Continued belowPeterson’s art is then enhanced by the colours by Pete Toms who harnesses a vibrant, almost neon colour palette. The effect creates a larger than life feel to the artwork, even in those scenes on the comedown where reality seems to creep in at the edges Toms keeps that hallucinogenic feel to the world of “Mayday” with a bright, saturated palette that only ever feels at home in the place in the pages of a comic book. It’s a level of unreality that enhances both the art and the writing outside a rigid sense of place or time and creates what can only be described as a comic book-y effect. While both the writing and the artwork can be described using comparisons to certain films and genres, the colour work on “Mayday” is something that really separates the book from films and entrenches it in the world of comics. It’s the finish that the book needed lest it become a comic wishing it was film, instead it’s a comic using the language of film to talk how we celebrate and experience media as a whole. The celebrates, it turns out, usually involves a lot of drugs.

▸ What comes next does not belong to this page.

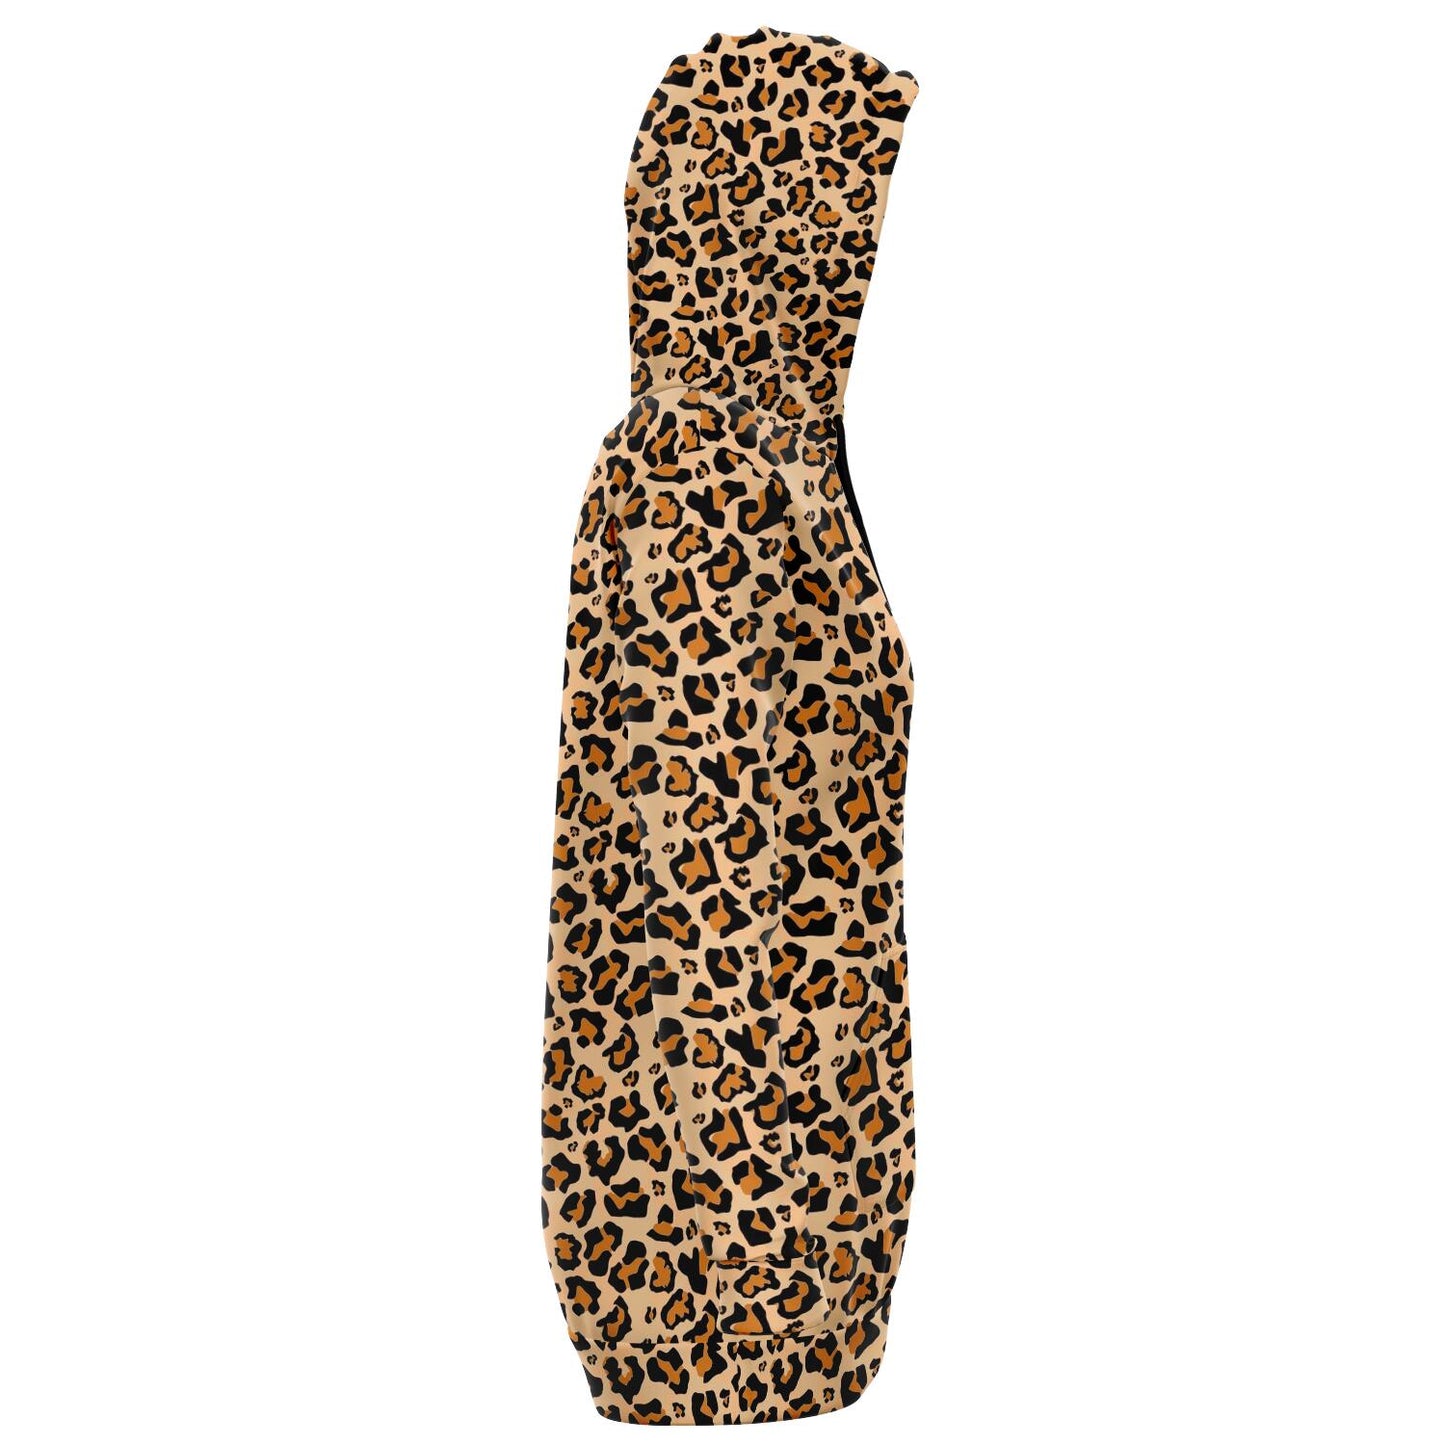 Leopard Hoodie Dress, Animal Print Cheetah Long Sleeve Sexy Winter Hooded Sweatshirt Dress with Pockets Starcove Fashion

Black Mask Studios is a publisher making a name for themselves on rather niche books that take a brutal and unflinching look at our world through the medium of comics and with “Mayday”, they have another notch on their belt. Curt Pires continues to be a very interesting, very unique writer in comics as eschews large, plot-driven narratives for smaller, character-driven pieces that focus on the underbelly of society people rarely like to think about. “Mayday” is precisely that kind of comic book and with Chris Peterson and Pete Toms, the book is a gorgeous acid trip through the ass end of Hollywood revealing the grit and grime underneath the neon signs and spotlights.
“Mayday” #1 will be published to all good comic book stores on March 25, for anyone that loves films, especially of the kind mentioned repeatedly throughout this review, this is a comic that must not be missed.
Final Verdict: 9.0 – The only thing missing from this title is an ambient synth score. Seriously, don’t miss out on this.